– Le 18 décembre, une super-Caravelle de la compagnie genevoise Sata rate son atterrissage à Madère : 36 morts.

– Le 2 mars 1978, un nouvel enlèvement, mais du style macabre, émeut la Suisse et le monde. Des inconnus ont pénétré dans le cimetière du village de Corsier, au-dessus de Vevey. Ils ont ouvert une tombe et emporté le cercueil et les restes de Charlie Chaplin. La dépouille est retrouvée, le 17 mai, non loin de là, près du village de Noville, enfouie dans un champ. Les deux malfaiteurs — un Polonais et un Bulgare qui bénéficiaient de l'asile politique à Lausanne — espéraient une forte rançon. Ils sont arrêtés grâce à un piège téléphonique monté par la police.

– Le 12 mars, une grosse avalanche se décroche au-dessus de la station de ski des Mosses, dans les Préalpes vaudoises. Les envoyés spéciaux de la presse internationale suivent les efforts des sauveteurs. On parle de 60 personnes ensevelies. Les jours passent et — happy end qu'on doit signaler aussi — le bilan de la catastrophe est établi, proprement ahurissant : en dépit de la foule qui avait envahi le champ de neige, et contrairement aux témoignages les plus formels, il n'y a pas une seule victime.

– Le mois d'avril est marqué par deux libérations. Le 7, en Bulgarie, après neuf mois d'incertitude et de pourparlers diplomatiques, les autorités relâchent un chauffeur de poids lourd, Michel Kursner, impliqué dans un accident qui avait fait 5 morts Ses juges l'avaient condamné à huit ans de prison. Et, le 17 avril, c'est le retour du jeune André Kümmerling, enlevé par des rebelles au Tchad, où il se trouvait en compagnie d'un camarade français, Christian Masse.

Le 19 mai 1978, on annonce la mort de deux autres délégués du CICR (après celle de Louis Gaulis tué au Liban), le Genevois André Tièche et le Lausannois Alain Biéri, abattus en Rhodésie en même temps que leur interprète africain. Tous trois revenaient d'une mission accomplie près de la frontière du Mozambique.

Terrorisme

À travers leurs frontières, les Suisses perçoivent aussi les grondements d'orage du terrorisme qui sévit outre-Rhin puis outre-Gothard. Le 5 août 1977, ils extradent une extrémiste italienne, Petra Krause, qui se trouvait dans les geôles zurichoises sous l'inculpation de vol et de détention d'armes et d'explosifs. Le 13 octobre, sur territoire français, on retrouve le cadavre déchiqueté de l'aspirant officier Fluckiger, en service à Bure (Ajoie) qui aurait pu — mais on ne l'a pas prouvé — s'être égaré lors d'une course d'orientation nocturne et tomber sur une cache des ravisseurs du patron des patrons allemand, Hanns Martin Schleyer. Un autre Suisse a d'ailleurs été mêlé, de façon très différente, à cet enlèvement : l'avocat genevois Denis Payot, qu'avait désigné le gouvernement de la République fédérale pour servir d'intermédiaire avec la bande à Baader et qui n'a pas pu éviter la sanglante issue.

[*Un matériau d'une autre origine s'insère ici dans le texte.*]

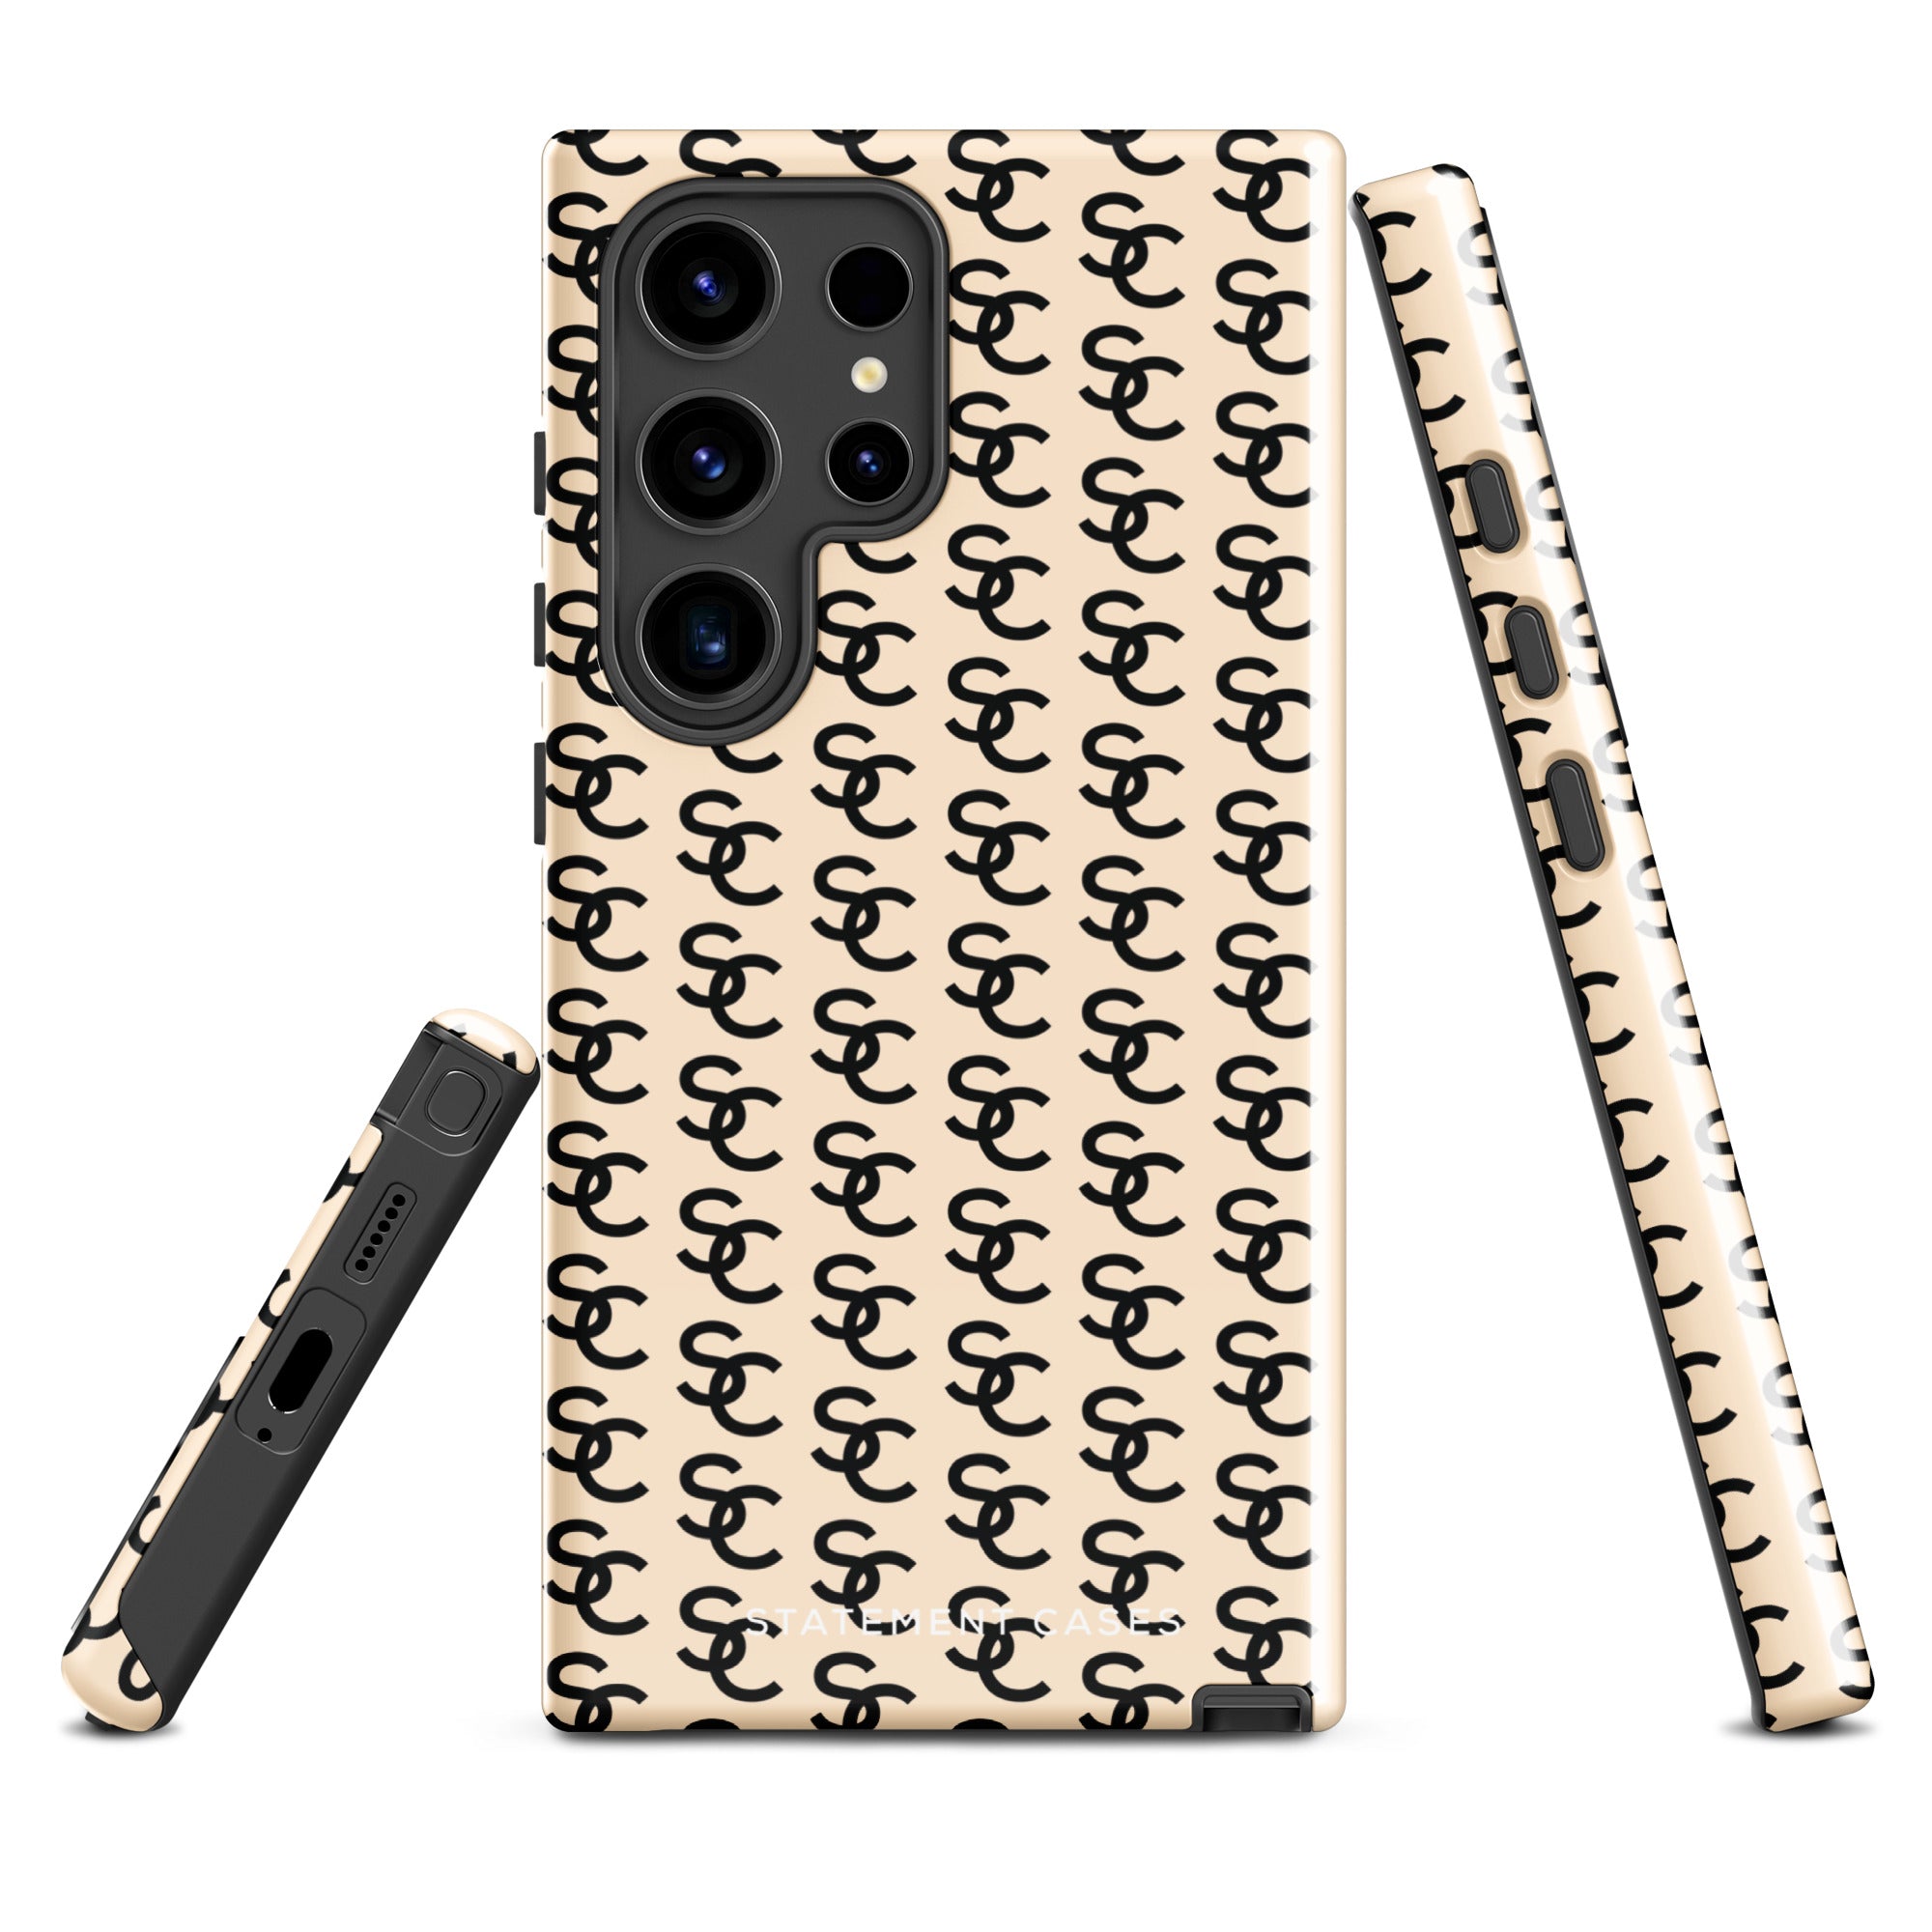 A beige smartphone case with a repeating black double-C logo pattern. The back of the impact-resistant phone case features camera cutouts aligned on the left side, accommodating what appears to be a multi-lens camera system. This is the Heritage Monogram for Samsung by Statement Cases.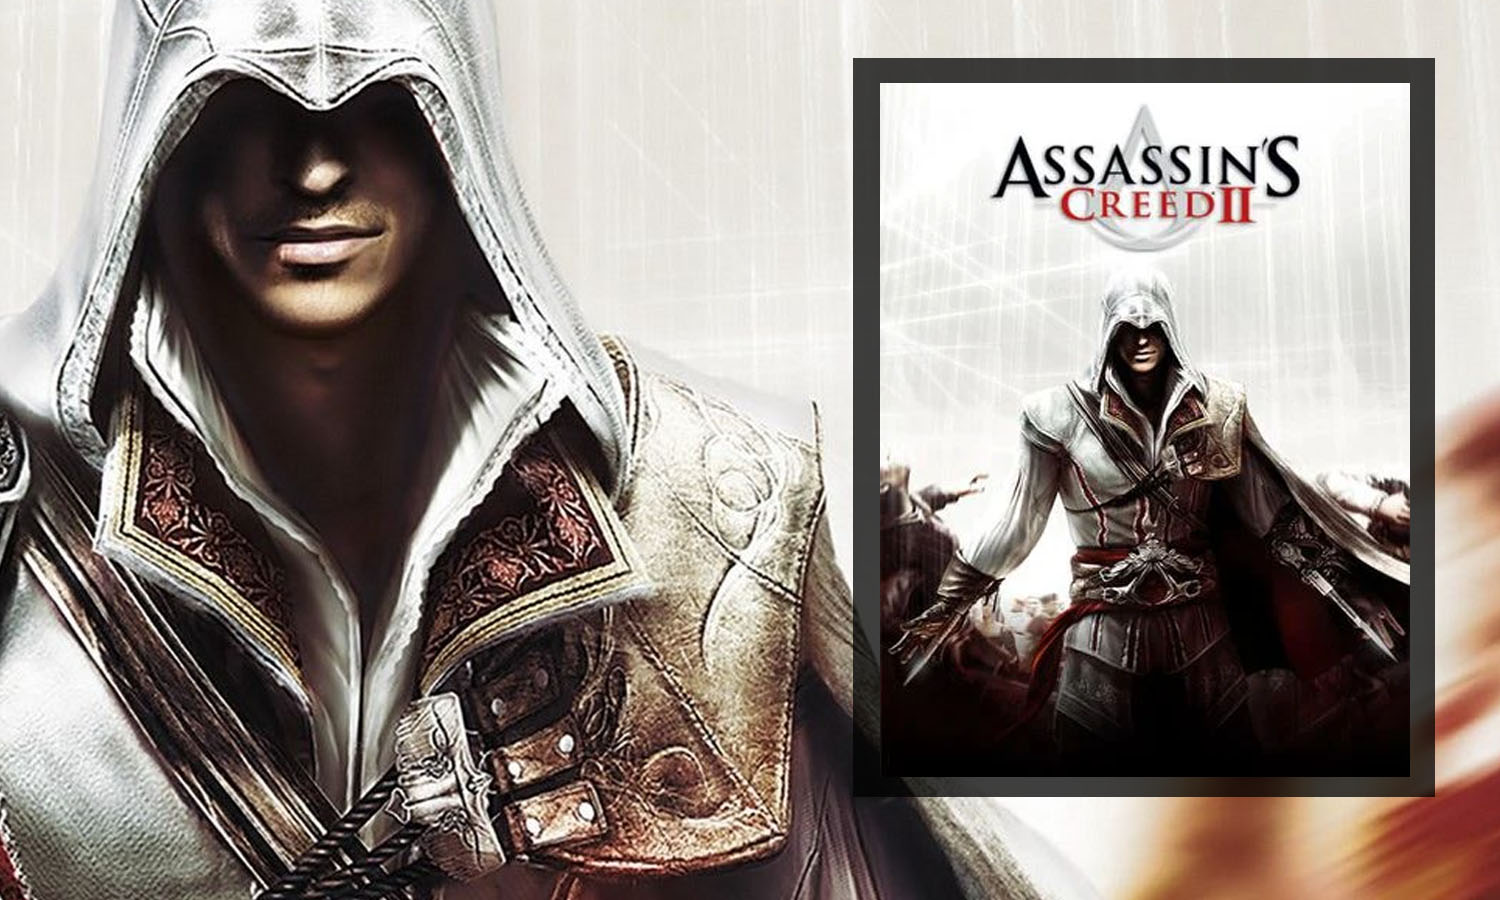 download assassins creed 2 for pc free full version highly compressed

Le 20 décembre, enfin, la police bernoise arrête, à Delémont, deux terroristes allemands, Christian Möller et Gabriele Kröcher-Tiedemann, qui semblent avoir participé, deux ans plus tôt, à l'attaque menée contre le siège viennois de l'Opep. Interceptés à la frontière franco-suisse, ils ont ouvert le feu et blessé deux douaniers.

La violence — pour l'instant — reste assez lointaine. La Confédération, qui craint son approche, entend néanmoins se prémunir. Le 22 août, Kurt Furgler propose la création d'une police fédérale de sécurité. Il s'agira, en fait, de prélever temporairement un millier d'hommes dans les corps de police cantonaux, de leur donner une formation spéciale et de les doter d'un armement (hélicoptères et blindés) qui leur permettrait tout à la fois de lutter contre les attentats, de briser une émeute ou de protéger les aéroports, les missions diplomatiques, les centres nerveux du pays.

Ce projet se heurte immédiatement à deux virulentes oppositions : l'une, qui se situe à gauche, accuse le gouvernement de faire un premier pas vers un État policier ; l'autre, qui se situe à droite, estime que le maintien de l'ordre doit rester de la compétence des cantons.

Symbole

La controverse provoque le lancement de trois référendums simultanés, et finira donc par un scrutin populaire à la fin de l'année 1978. Elle traduit, une fois de plus, les difficultés que rencontre l'État dans l'accomplissement — judicieux ou maladroit — de sa mission. La révolte larvée des citoyens, ou du moins de leur frange active, reste, à travers les fluctuations politiques, une donnée constante.